A fake picked up in one of the cafés in the gardens at Wisley - with the last fake, as it happens, coming from a visit to Kew, a place we only rarely visit.
Fake in the sense that the tin had never been used to sell olives or olive oil. It had been manufactured as a bit of table décor for the better class of café. Quite possibly made in Warrington, that is to say up north, or somewhere like that.
While before making this post, I was having some trouble with a curious bottle shaped contraptions for catching insects, growing on stalks growing out of the tips of the long, narrow leaves - in the orchid house added to the side of the big greenhouse, just across the way from the café in question. A plant which, for some reason, I did not photograph with my telephone. Perhaps I thought that I had enough snaps already. Perhaps I had been put off by all the other people taking pictures with their telephones!
I start off by asking Bing, but he is fixated on bottles.
Google is not much better.
I then try for images. Still no good.
Time to ask Gemini, who quickly gets to the bottom of the problem: the plant is not an orchid at all, rather a pitcher plant. And he had not been bothered by my forgetting to say that we were in the orchid house.
However, he did spawn a new problem. What sort of pitcher plant was it, from the near 200 available according to reference 2.

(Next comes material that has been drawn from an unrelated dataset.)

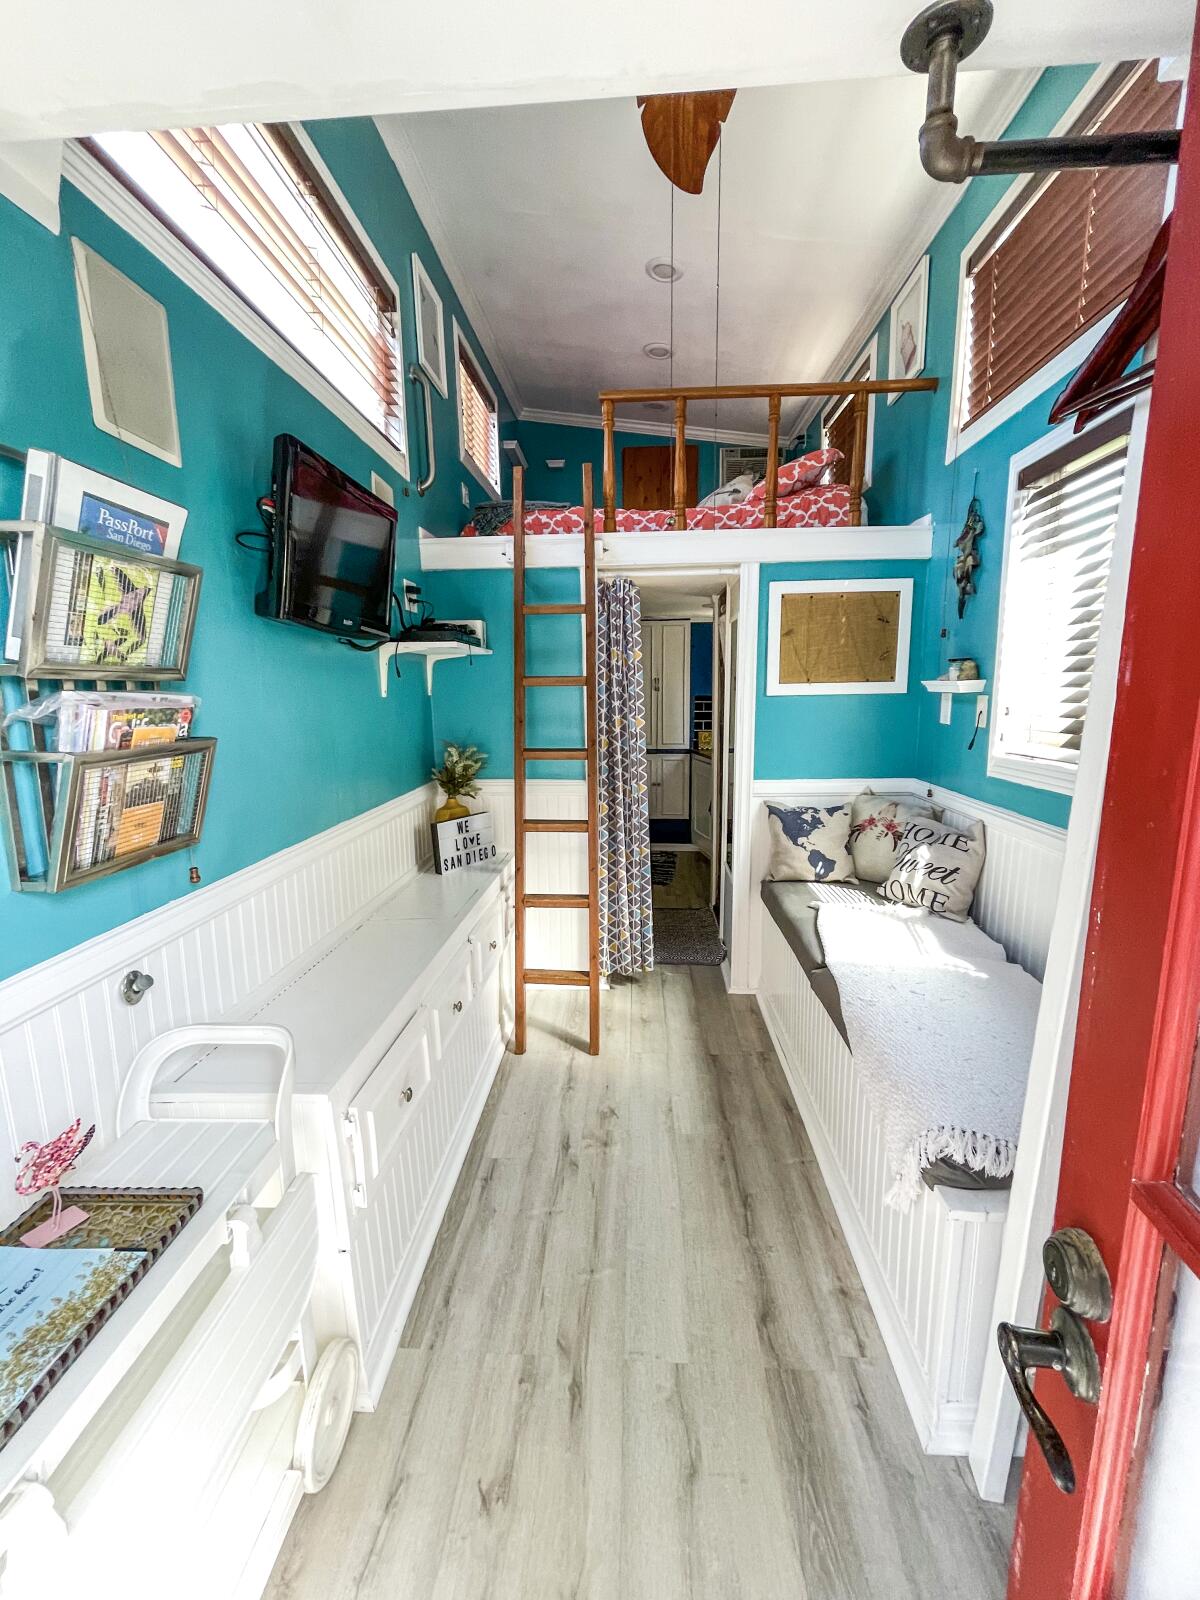 The interior of a tiny house looking up at a sleeping loft

More faffing about with Bing, Google and Gemini, with the problem here turning out to be that in the most likely, Nepenthes flava (flava being the Latin for the distinctive yellow that I remembered), the upper pitchers are yellow and plain, while the lower pitchers - this being a climbing plant - were much more complicated in both shape and colouring, and so of more interest to the people who put pictures on the Internet.
He also explains that the pitcher is not a flower, despite its sometimes elaborate appearance. Which would get over the difficulty of a flower bud appearing at the end of a leaf - something which reference 4 suggests should not happen. Leaf buds and flower buds are quite different and do not get mixed up in this sort of way.
Will have to go back to take another look. And maybe not to be so shy about taking a picture.
And maybe we will have an expedition to Hampshire for one of the open days they have a reference 3. Even busier than the orchid house at Wisley?
And while one might fault Gemini's style, he can cope with my queries and on this occasion we more or less got to the bottom of the matter.
References
Reference 1: https://psmv5.blogspot.com/2025/11/fake-193.html.
Reference 2: https://en.wikipedia.org/wiki/Nepenthes.
Reference 3: https://www.hantsflytrap.com/.
Reference 4: Trees: Their natural history - Peter A. Thomas - 2014.